Microarray analysis of tissue biopsy specimens has been widely implemented as a high-throughput method for the detection of altered gene expression. With respect to cervical carcinoma, gene expression profiling has been used in several small studies to identify genes associated with poor outcome after treatment (711). More recently, Lando and colleagues analyzed gene dosage alterations in 97 patients with cervical cancer by array comparative genomic hybridization (aCGH; ref. 12). Their analysis identified losses in 3 chromosomal regions (3p, 13q, and 21q) that were associated with poor outcome after chemoradiotherapy in cervical cancer. Integration of the aCGH data with gene expression data identified 4 candidate genes associated with poor prognosis after chemoradiation treatment (RYBP, GBE1, FAM48A, and MED4). Gene ontology analysis of their results implicated several biologic processes in chemoradiation response in cervical cancer including protein translation, carbohydrate metabolism, apoptosis, and chromosomal maintenance.

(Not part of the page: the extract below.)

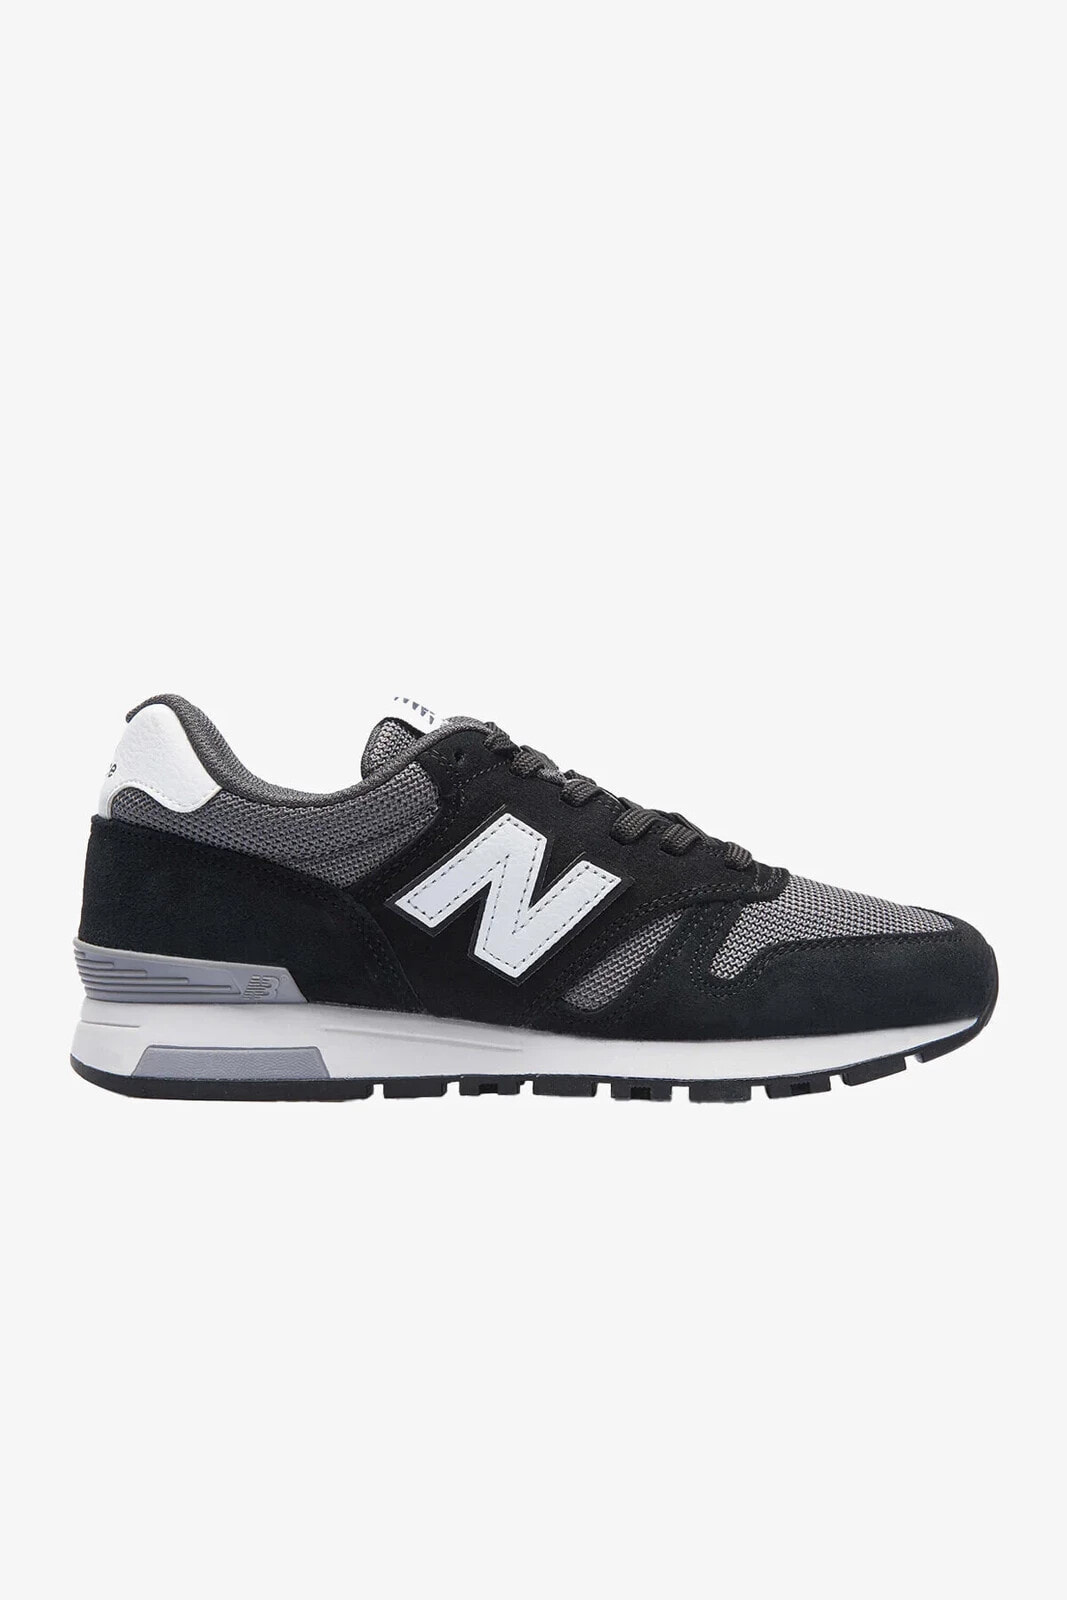 NB 565 Lifestyle Erkek Siyah Beyaz Sneaker Spor Ayakkabı

Very few studies have explored the molecular mechanisms that regulate treatment response in cervical cancer, and no studies have specifically examined the signaling pathways that influence cervical tumor metabolic response. The objective of the current study was to use gene expression profiling as a discovery tool to identify signaling pathways associated with incomplete metabolic response after chemoradiation therapy in cervical cancer.

Materials and Methods

Patients

The study population included 62 patients prospectively enrolled into a tumor-banking protocol at the time of diagnosis of cervical cancer (March 1998 through December 2006). Eligibility criteria for tumor banking were as follows: (i) patients had a pathologic diagnosis of invasive carcinoma of the cervix; (ii) patient age was greater than or equal to 18 years; (iii) tumor of patient had adequate tissue to obtain a 1-cm biopsy; and (iv) patients were scheduled to undergo radiation therapy with or without chemotherapy in the Department of Radiation Oncology at Washington University School of Medicine (St. Louis, MO). As part of the tumor banking protocol, tumor biopsies were obtained and frozen prior to the initiation of therapy. As part of standard practice at our institution, both pretreatment and posttreatment FDG-PET/CT imaging studies were obtained. Approval from the institutional Human Research Protection Office was obtained for this study and all patients signed informed consent.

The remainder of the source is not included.